After calibration, verify with an independent point. If it fails, do not accept the new coefficients.

Track coefficient movement across time/temperature. If drift exceeds the guardband, trigger re-calibration or rollback.

If a new calibration fails verification, revert to last-known-good and record the failure event for diagnosis.

• Keep high-Z nodes short and shielded; avoid long parallel runs.
• Define a bias return path so inputs do not float in certain ranges.

• Use guard rings for high-Z nodes and keep the guard reference consistent.
• Flux residue + humidity becomes a leakage amplifier; treat cleaning as an electrical step.

• TVS/ESD parts can leak; leakage often looks like “drift” at high gain.
• Verify leakage across temperature and humidity conditions.

• Match differential routes and keep return paths continuous.
• Avoid crossing splits; preserve symmetry through the PGA and into the ADC.

• Keep SPI/I²C and fast edges away from high-gain input nodes.
• Route digital lines with a clean return; avoid “loop” coupling into analog.

If the return path is broken, the system will create an unintended antenna.
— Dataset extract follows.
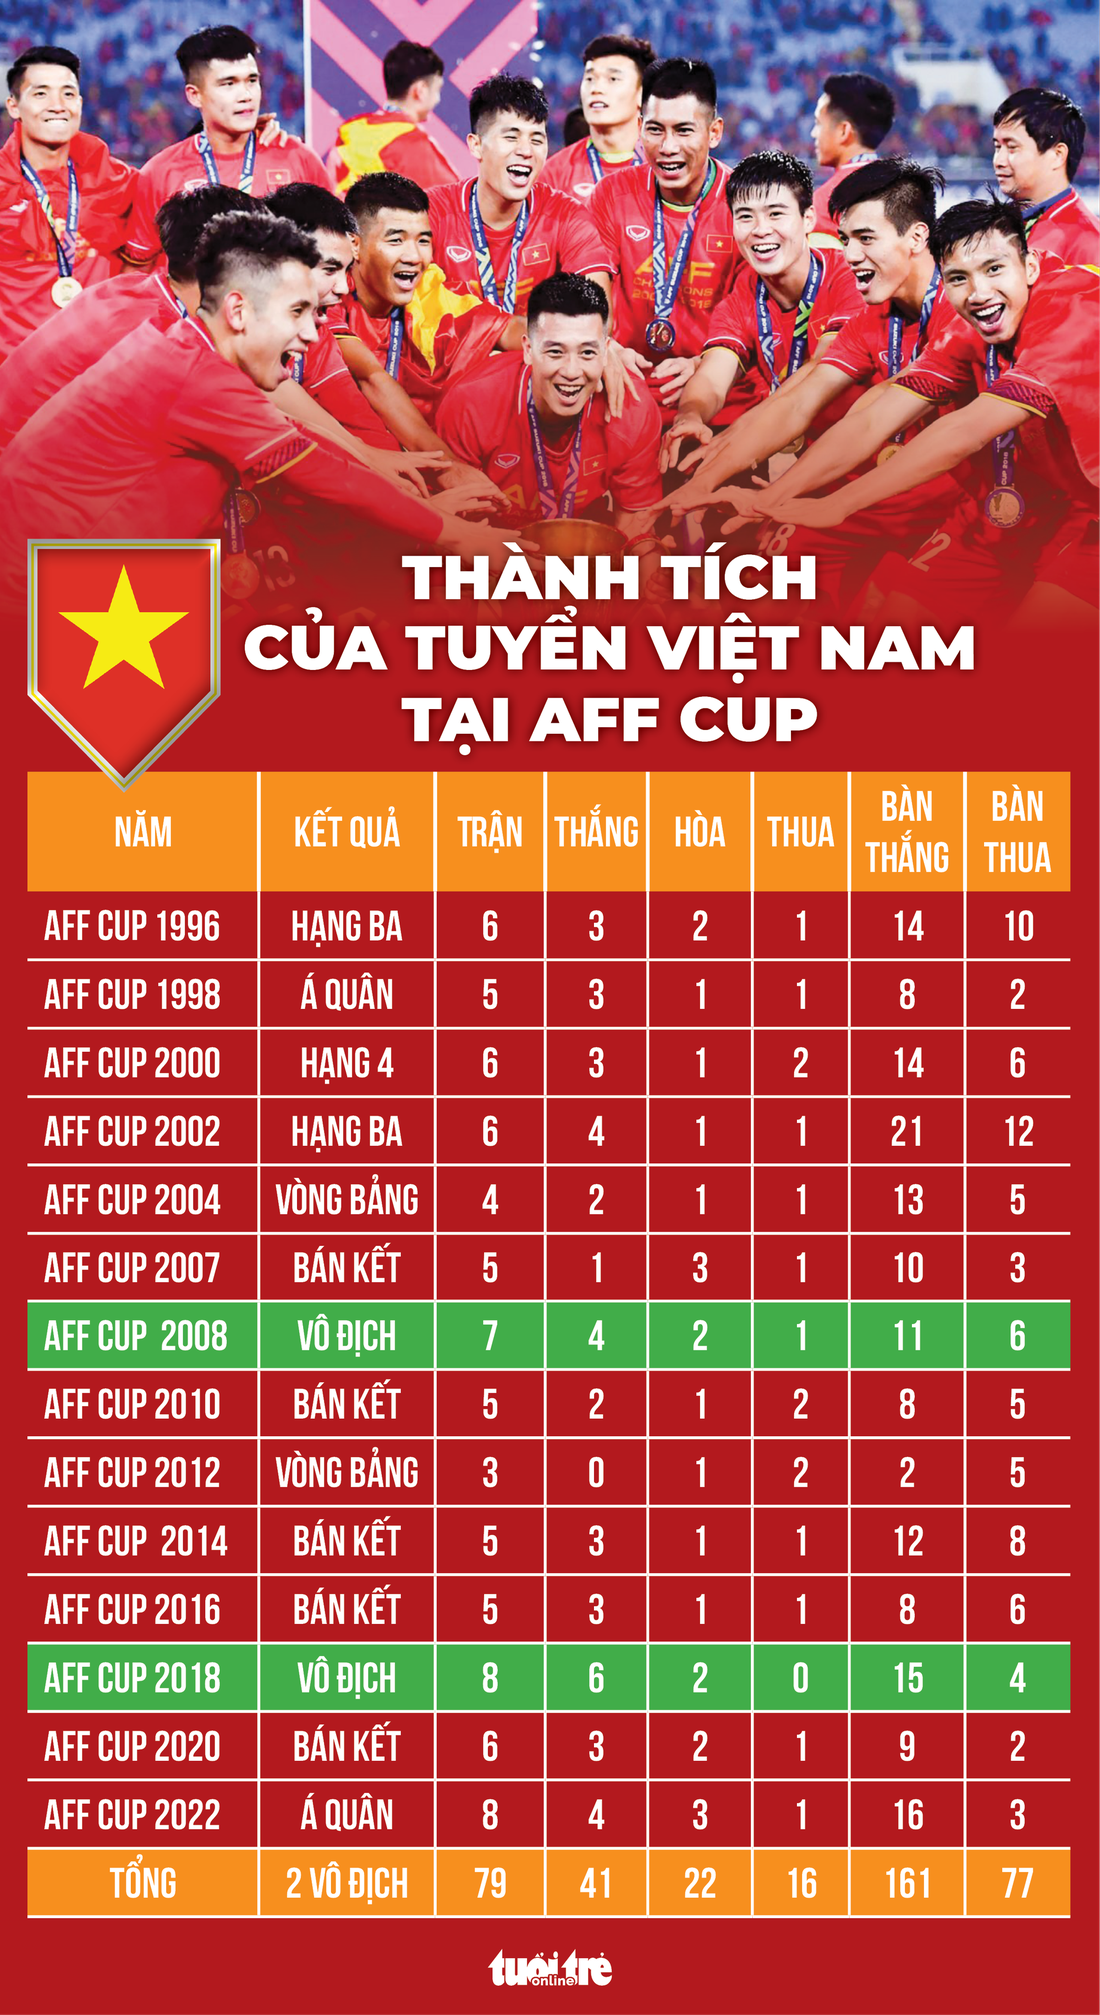 Thành tích của tuyển Việt Nam tại các kỳ ASEAN Cup (tiền thân là AFF Cup) trước đây - Đồ họa: AN BÌNH

At high gain, this becomes deterministic spurs and unstable settling.

Use input RC to limit fault currents and reduce event energy; validate that it does not over-slow settling or create unacceptable phase shift.

Prefer low-capacitance protection to avoid loading high-gain nodes; check leakage across temperature to prevent drift-like errors.

Protection capacitance changes the effective load. Re-check ringing and tSETTLE@ε after adding the protection network.

• Input short point for RTI noise checks.
• Reference injection point for gain/offset verification.
• Loopback path for end-to-end validation.

• Range state, temperature point, bandwidth setting.
• Settling rule: error band ε and blanking duration.
• Calibration version and firmware version.

• Per range: noise, headroom, and tSETTLE@ε once with real loads.
• Confirm auto-range does not chatter under worst-case noise.